Starting with the line that has "Pantalone Corto Herren Terranova" and finishing with the line that has "DELSTATSFINALISTENE: Miss Missouri", set down each line below exactly. Pictures are not copied.

Records for the exercise:
== Segment start ==

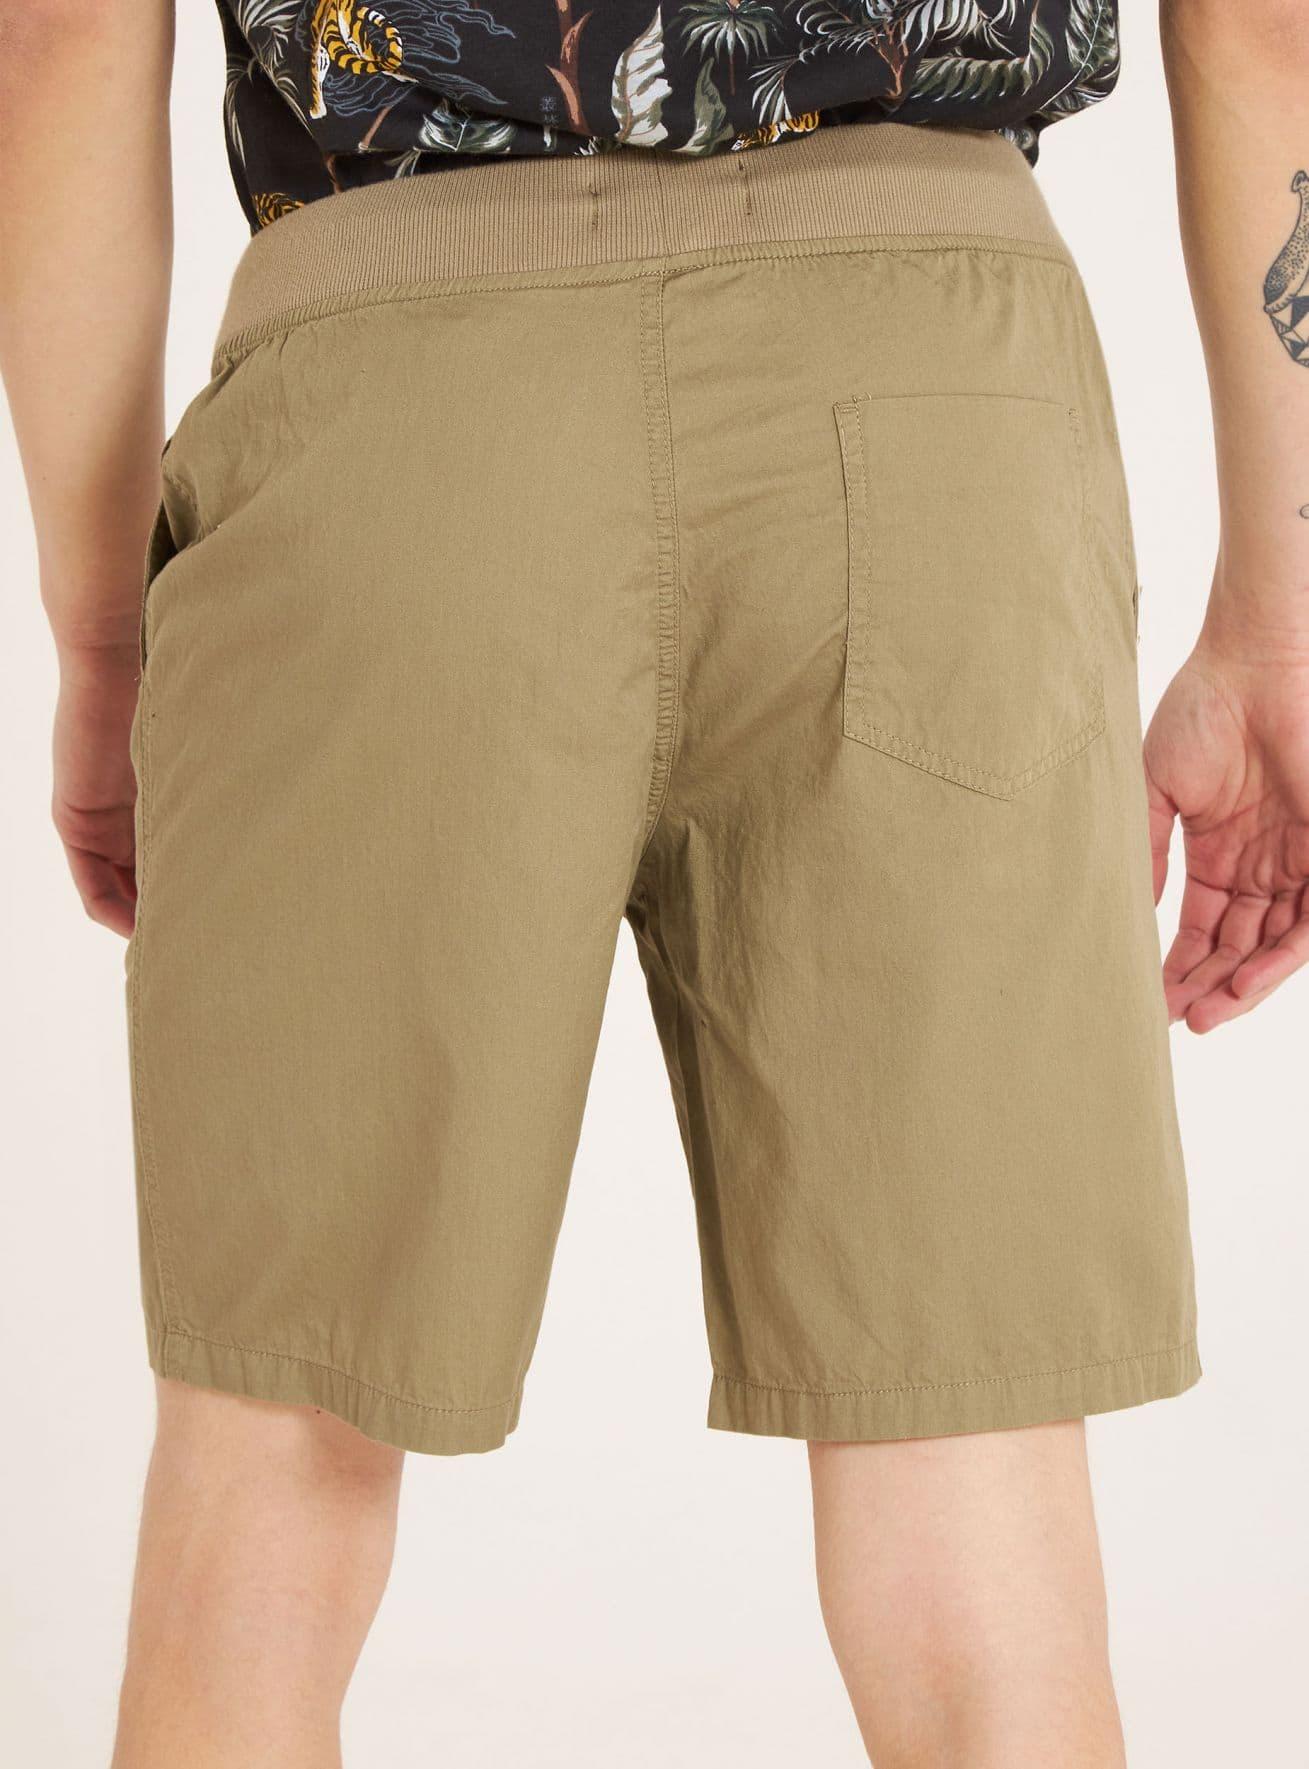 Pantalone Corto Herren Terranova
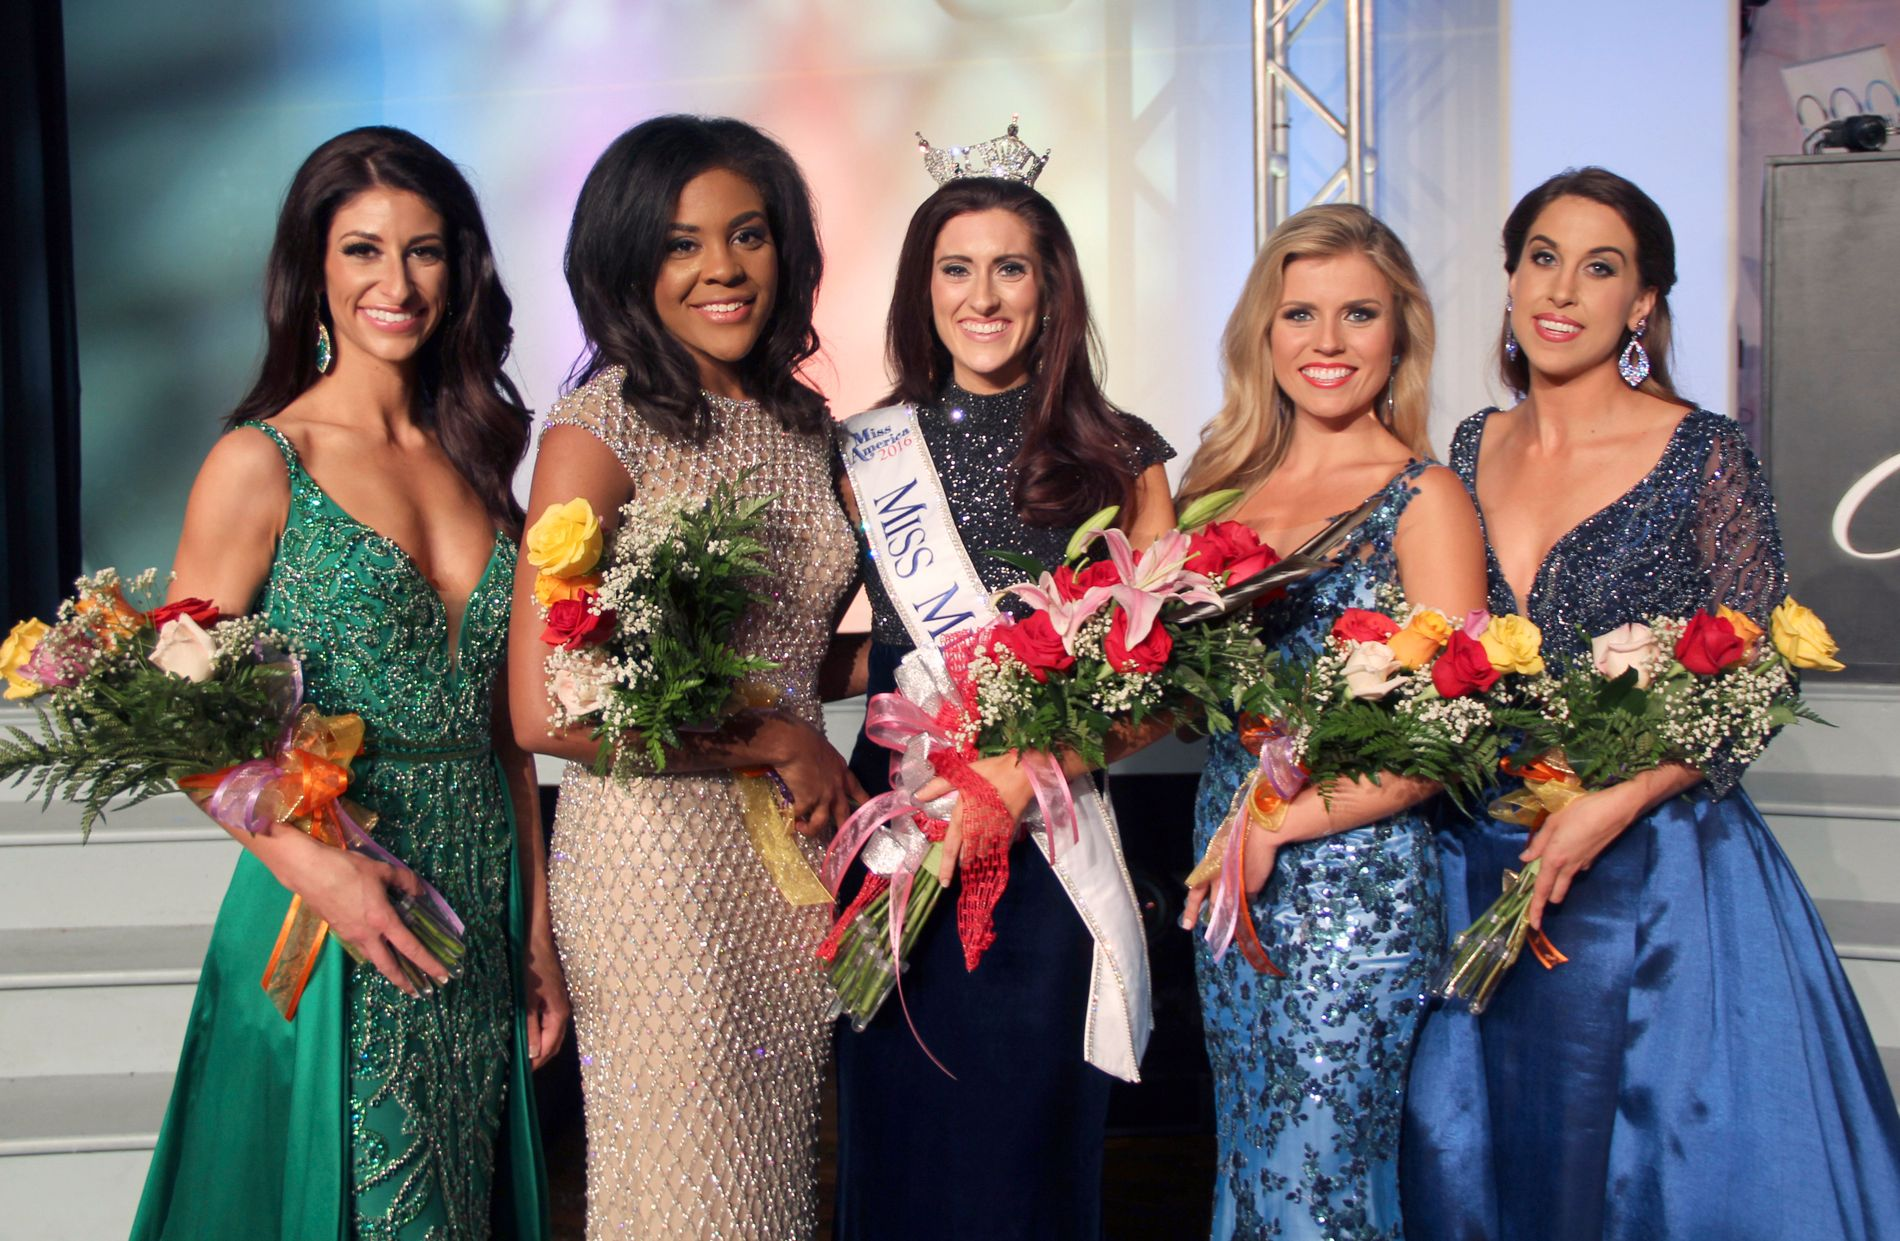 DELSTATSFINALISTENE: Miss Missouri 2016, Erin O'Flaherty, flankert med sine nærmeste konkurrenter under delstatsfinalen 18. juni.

== Segment end ==
== Segment start ==

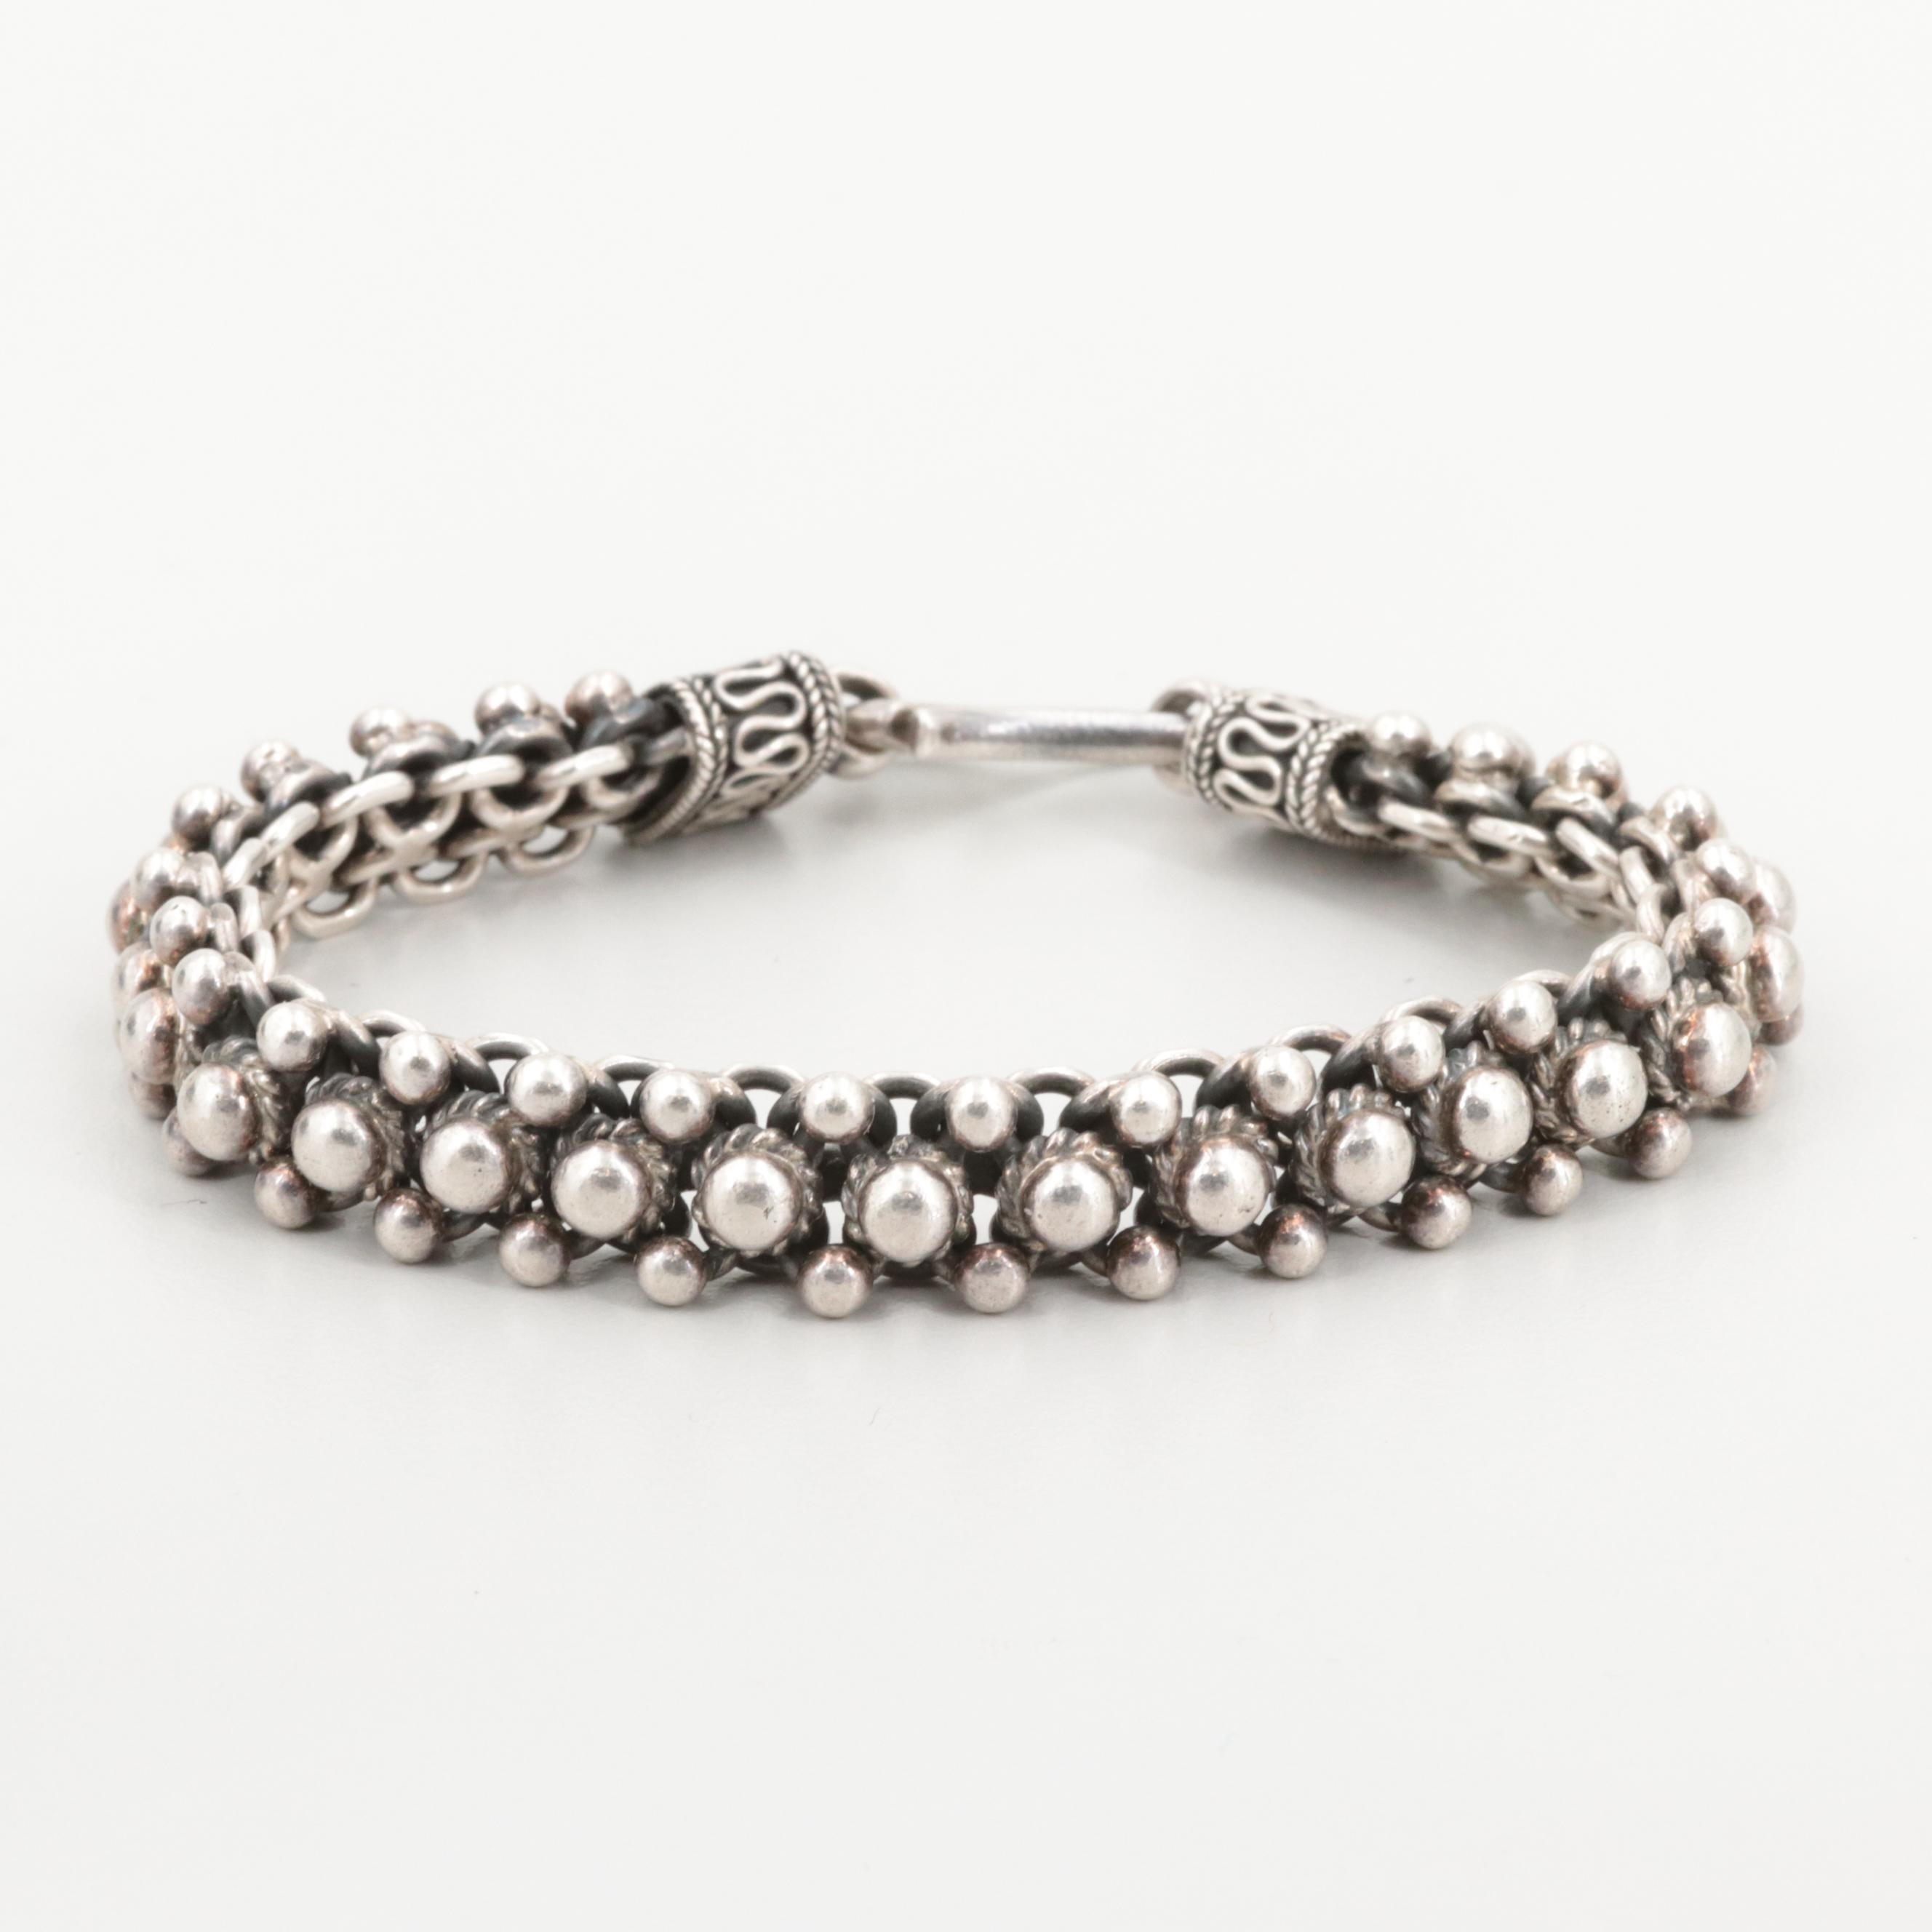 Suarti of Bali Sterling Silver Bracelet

== Segment end ==

Task result:
 Pantalone Corto Herren Terranova
 DELSTATSFINALISTENE: Miss Missouri 2016, Erin O'Flaherty, flankert med sine nærmeste konkurrenter under delstatsfinalen 18. juni.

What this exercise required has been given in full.